Amended locking rules for rename():
	find the parent(s) of source and target
	if source and target have the same parent
		lock the common parent
	else
		lock ->s_vfs_rename_mutex
		lock both parents, in ancestor-first order; if neither
		is an ancestor of another, lock the parent of source
		first.
	find the source and target.
	if source and target have the same parent
		if operation is an overwriting rename of a subdirectory
			lock the target subdirectory
	else
		if source is a subdirectory
			lock the source
		if target is a subdirectory
			lock the target
	lock non-directories involved, in inode pointer order if both
	source and target are such.

That way we are guaranteed that parents are locked (for obvious reasons),
that any renamed non-directory is locked (nfsd relies upon that),
that any victim is locked (emptiness check needs that, among other things)
and subdirectory that changes parent is locked (needed to protect the update
of .. entries).  We are also guaranteed that any operation locking more
than one directory either takes ->s_vfs_rename_mutex or locks a parent
followed by its child.

8/9) kill lock_two_inodes()
	Folded into the sole caller and simplified - it doesn't
need to deal with the mix of directories and non-directories anymore.

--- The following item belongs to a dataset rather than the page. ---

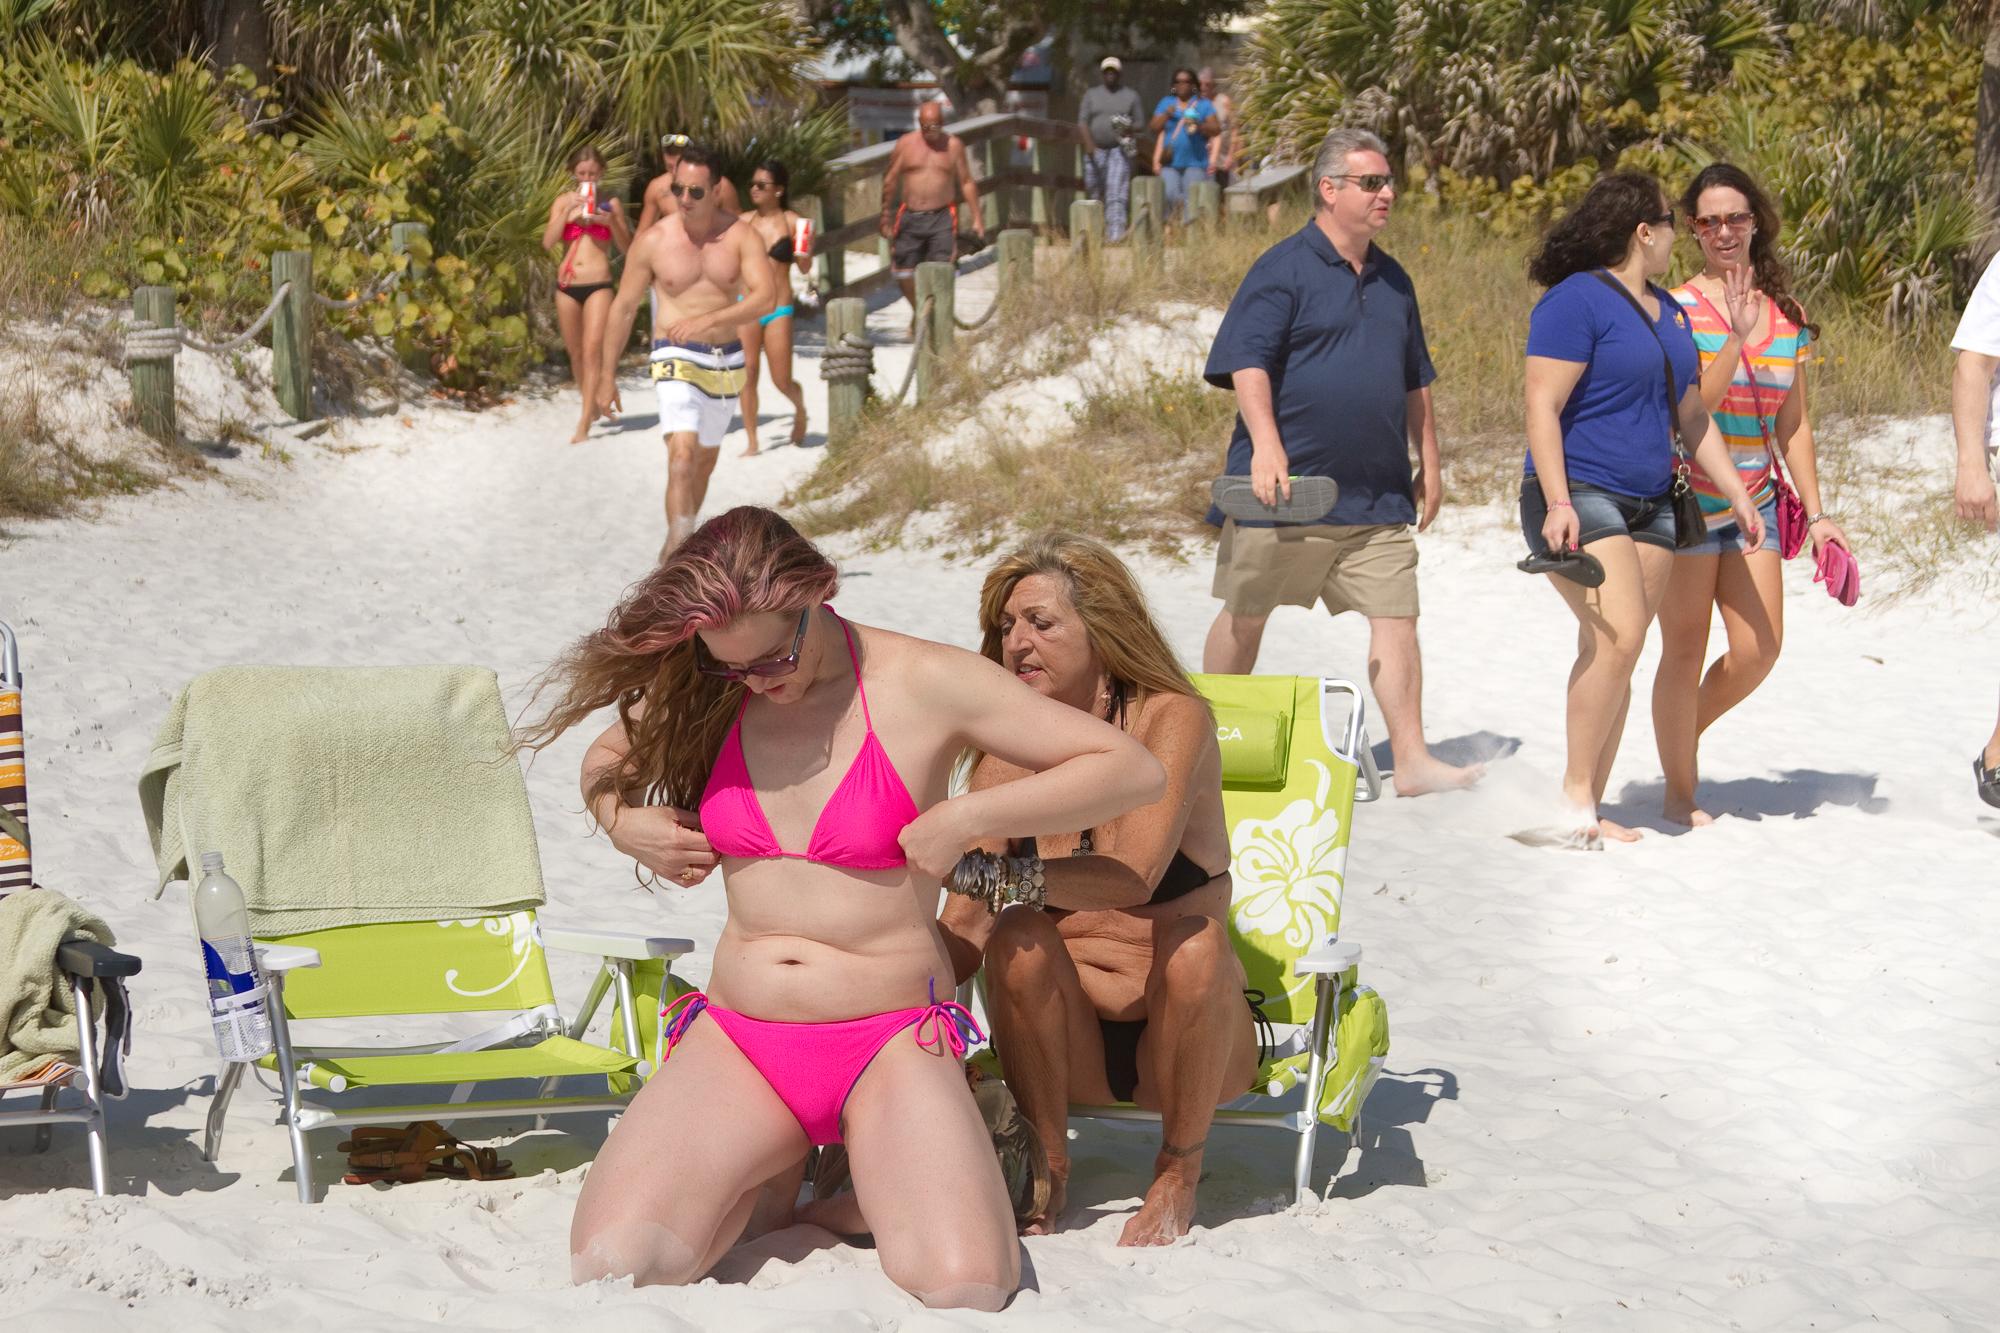 Lorelei, in the Florida sun / 2013
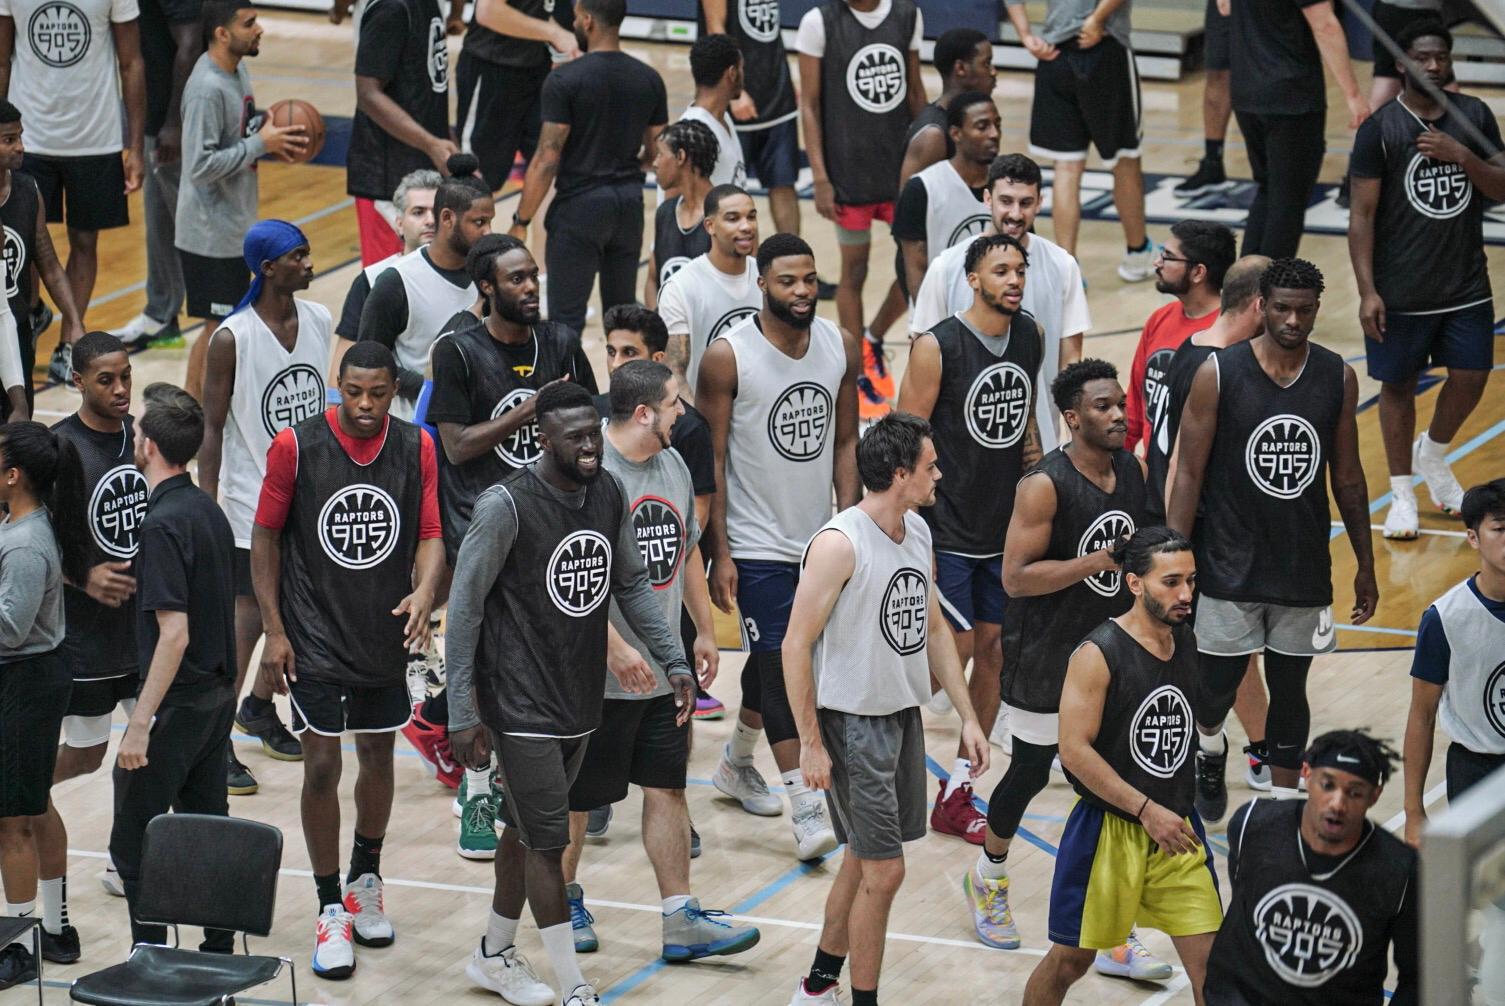 Raptors 905 open tryout yields almost 100 aspiring NBA G League ballers

9/9) rename(): avoid a deadlock in the case of parents having no common ancestor

... and fix the directory locking documentation and proof of correctness.
Holding ->s_vfs_rename_mutex *almost* prevents ->d_parent changes; the
case where we really don't want it is splicing the root of disconnected
tree to somewhere.

In other words, ->s_vfs_rename_mutex is sufficient to stabilize "X is an
ancestor of Y" only if X and Y are already in the same tree.  Otherwise
it can go from false to true, and one can construct a deadlock on that.

Make lock_two_directories() report an error in such case and update the
callers of lock_rename()/lock_rename_child() to handle such errors.
The ones that could get an error, that is - e.g. debugfs_rename() is
never asked to change the parent and shouldn't be using lock_rename()
in the first place; that's a separate series, though.